Wednesday, 20 May 2015

'Bruno Latour and Environmental Governance'—a brief report

Further to my previous post, I had the great pleasure of attending a workshop on 'Bruno Latour and Environmental Governance' at the superbly plush Cumberland Lodge in Windsor this week.

We worked through a stellar line-up of papers, which were innovatively presented and intensively discussed:
Matthijs Kouw and Arthur Petersen, Learning to trust the IPCC again: A diplomatic approach

Mark Brown, Bruno Latour and the democratic representation of climate change

Maximilian Mayer and Michele Acuto, Large assemblages and ‘size’ in world politics: Questioning a forgotten variable to understand the topography of LTS

Philip Conway, The varieties of diplomatic experience (with special attention to the problem of territory)

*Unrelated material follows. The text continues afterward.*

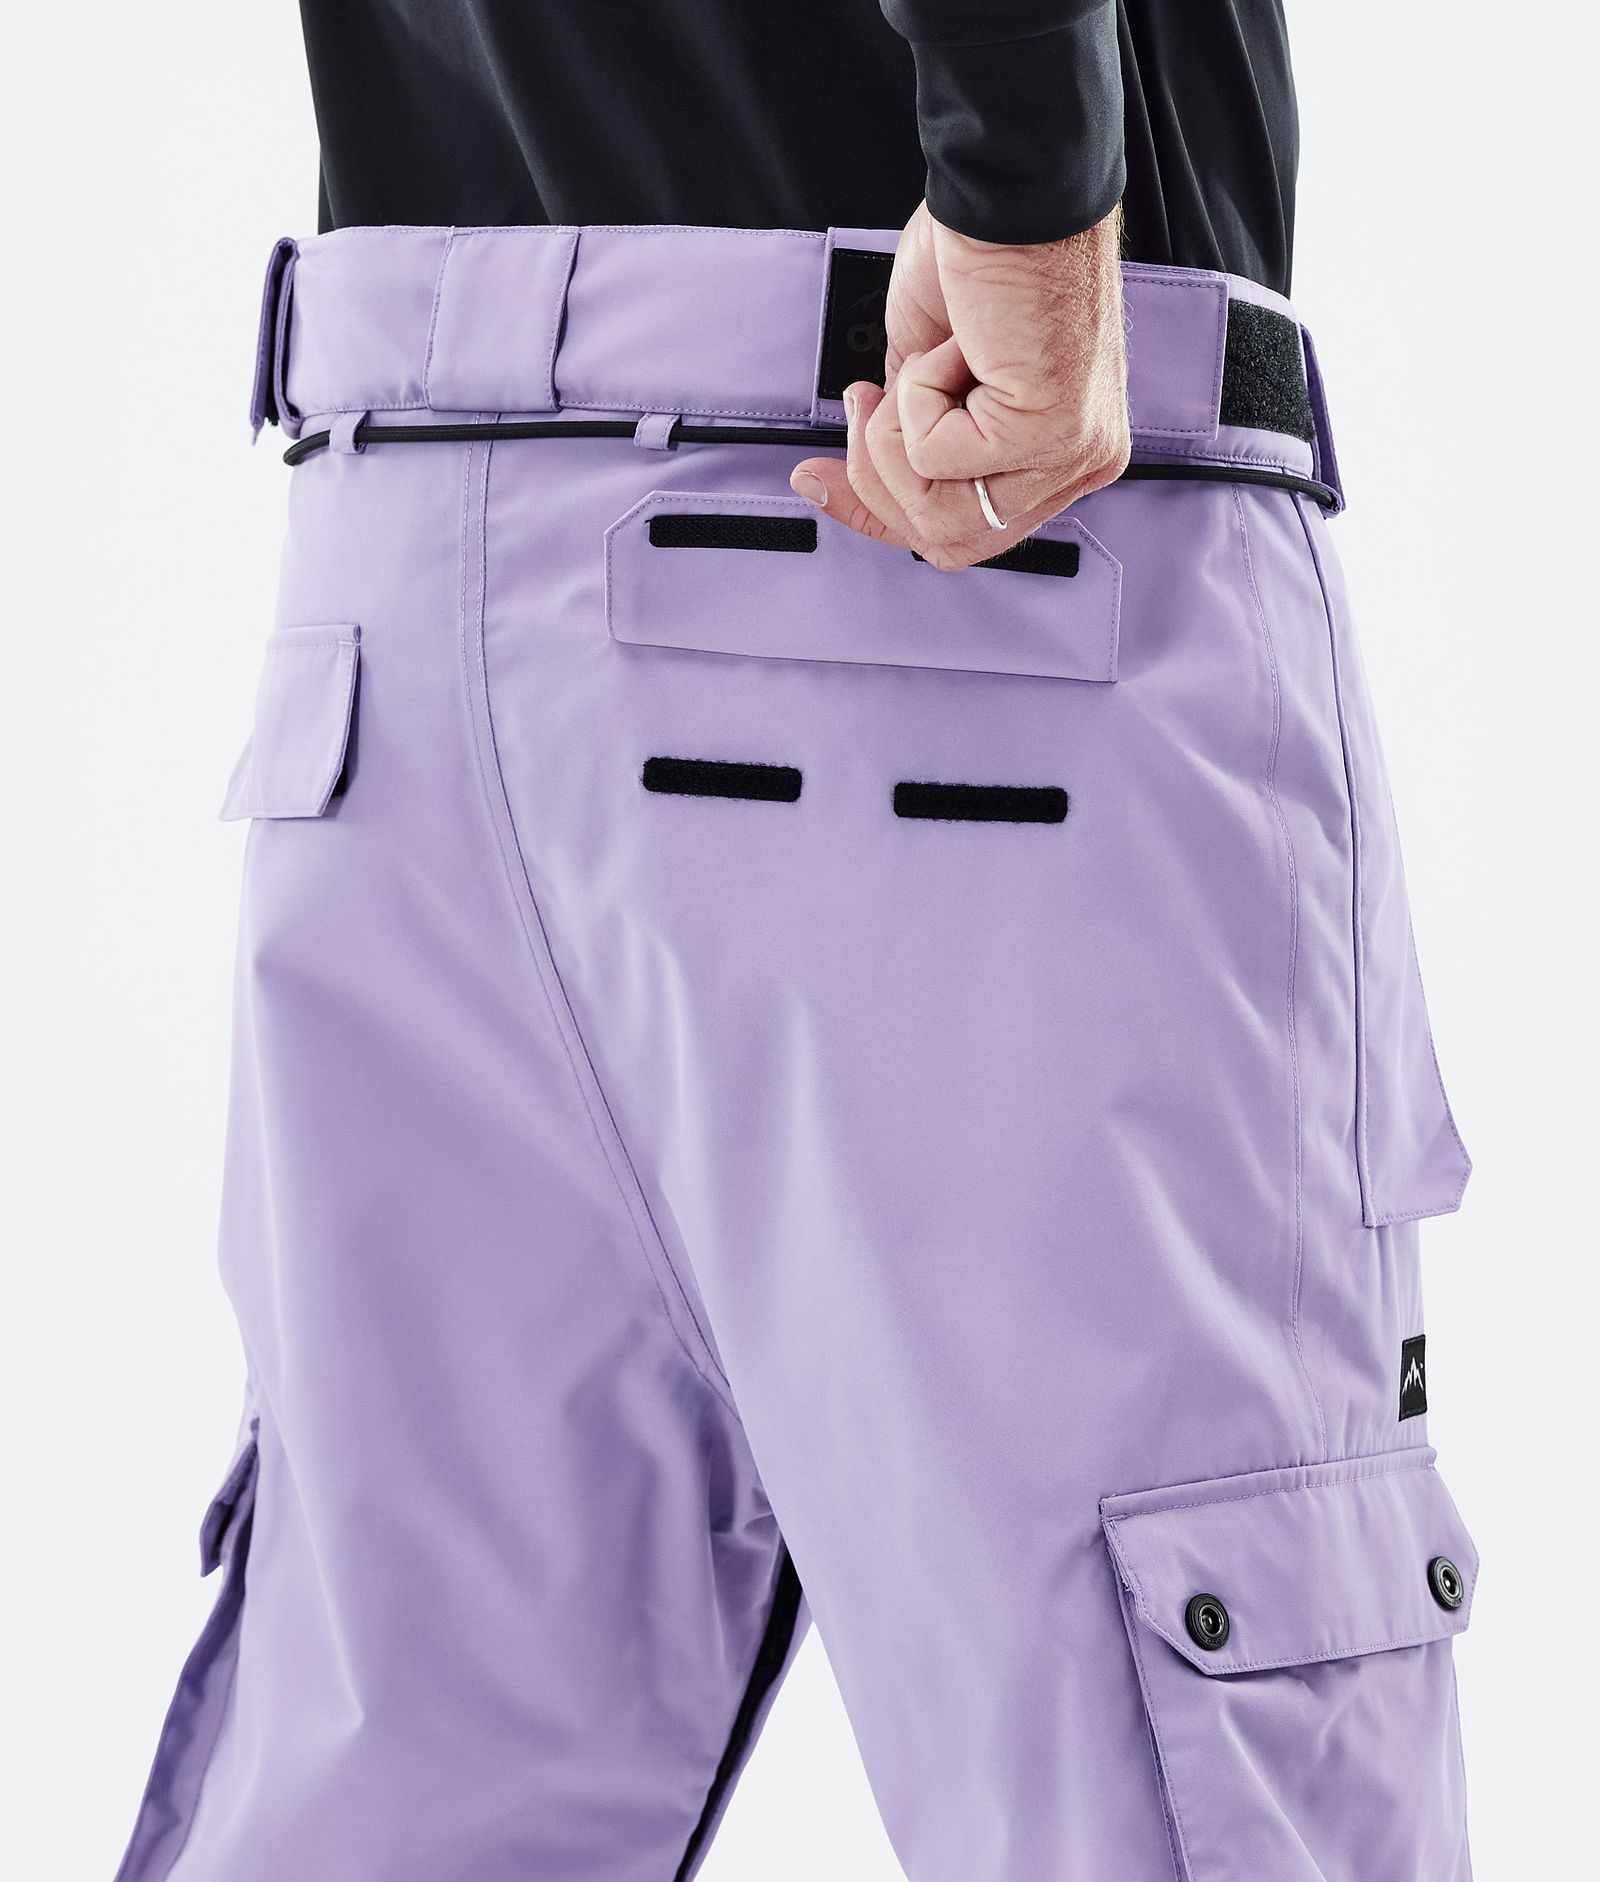 Iconic Pantalon de Ski Homme Faded Violet

Sandra Junier and Maurits Ersen, “An ant’s nest could bring down a hill”: The material in actor network theory

Arjen Zegwaard, Parliaments of mud

Werner Krauss, The political ecology of emerging climate landscapes

Tim Forsyth, Critically examining Science and Technology Studies within environment and development: Actor Network Theory and the stabilization of science in the Global Landscapes Approach

Stephen Flood and David Frame, The IPCC’s science–policy interface through a Latourian lens

Jasper Montana, ‘An IPCC for biodiversity’: On being, and becoming unlike, IPCC-­like

Ed Dammers, The Nature Outlook as an example of diplomacy between different modes of existence

Hanneke Muilwijk and Albert Faber, Beyond borders: How the Anthropocene re-­colours our world

Jasmine Livingston and Eva Lövbrand, Contested purification: The (un)making of integrated climate science in the IPCC’s Fifth Synthesis Report

Kari de Pryck, Developing a methodology for tracing issues and statements in the IPCC
(N.B. not all co-authors attended the workshop.)
My own paper on diplomacy and territory seemed to be well-received and I particularly benefited from the several co-workshoppers who have had first hand experience of participating in IPCC negotiations. I'm hoping to draw on those experiences as I redraft my paper.

Thanks particularly to the organisers Arthur Petersen, Theo Lorenc and Matthijs Kouw.